Molson Coors Brewing Co., whose numerous brands include Molson Ice beer,… (Bill Sikes, Associated…)

Molson Coors Brewing Co. — home of Miller Lite, Blue Moon, Keystone Light and other signature brands — plans to expand into Central and Eastern Europe by buying StarBev, based in Prague and Amsterdam.

The deal calls for Molson Coors to pay 2.65 billion euros, about $3.54 billion, for the European company, which has a roster of more than 20 brands little known in the U.S., including Borsodi, Kamenitza and Bergenbier.

StarBev's current owner is the private equity firm CVC Capital Partners, which less than three years ago bought the brewery from Budweiser maker Anheuser-Busch InBev.

StarBev's latest purchase price is 11 times its earnings, before interest, taxes and other factors. The company pulled in about $1 billion in revenue last year.

Revenue at Molson Coors was up 8% to $3.5 billion for the year that ended Dec. 31.

Molson Coors' stock, which trades under the TAP ticker, fell $2.48, or 5.4%, to $43.18 on Tuesday.

In the U.S., the mainstream beer business has generally been softening as drinkers gravitate toward spirits, ciders and artisan craft brews. Given the head winds, Molson Coors — which splits its headquarters between Denver and Montreal — is looking east, where StarBev has about 4,100 employees and nine breweries.

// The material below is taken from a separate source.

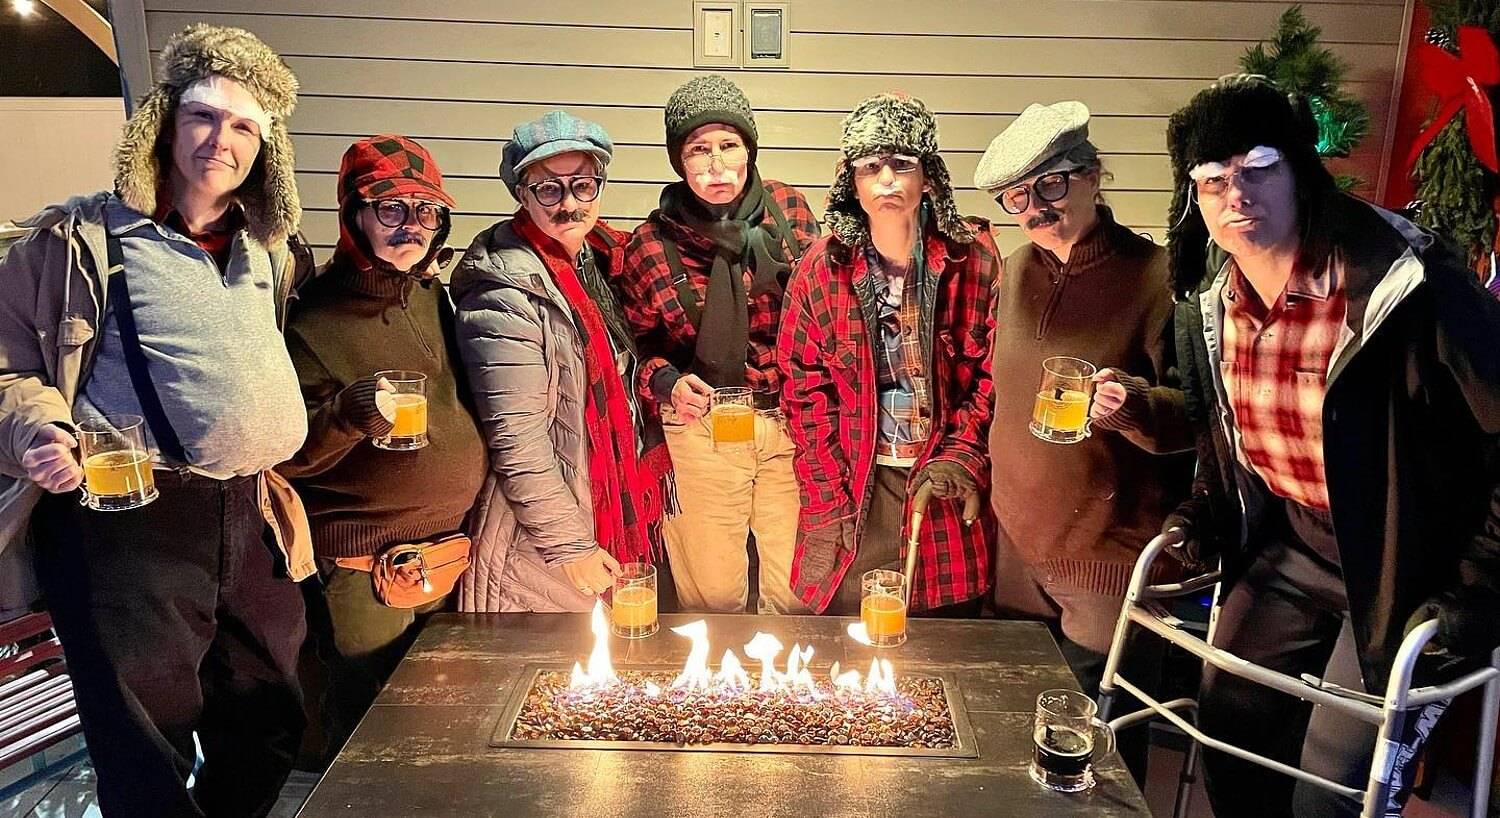 Seven girls dressed up as old men drinking beer around a firepit table

"The Central and Eastern European beer market is attractive, with strong historical trends and upside potential as the region returns to its pre-economic-crisis growth rates," Peter Swinburn, Molson Coors' chief executive, said in a statement.

The deal is awaiting approval from European antitrust authorities but is expected to close in the second quarter. The plan is for StarBev to operate as a separate unit within Molson Coors.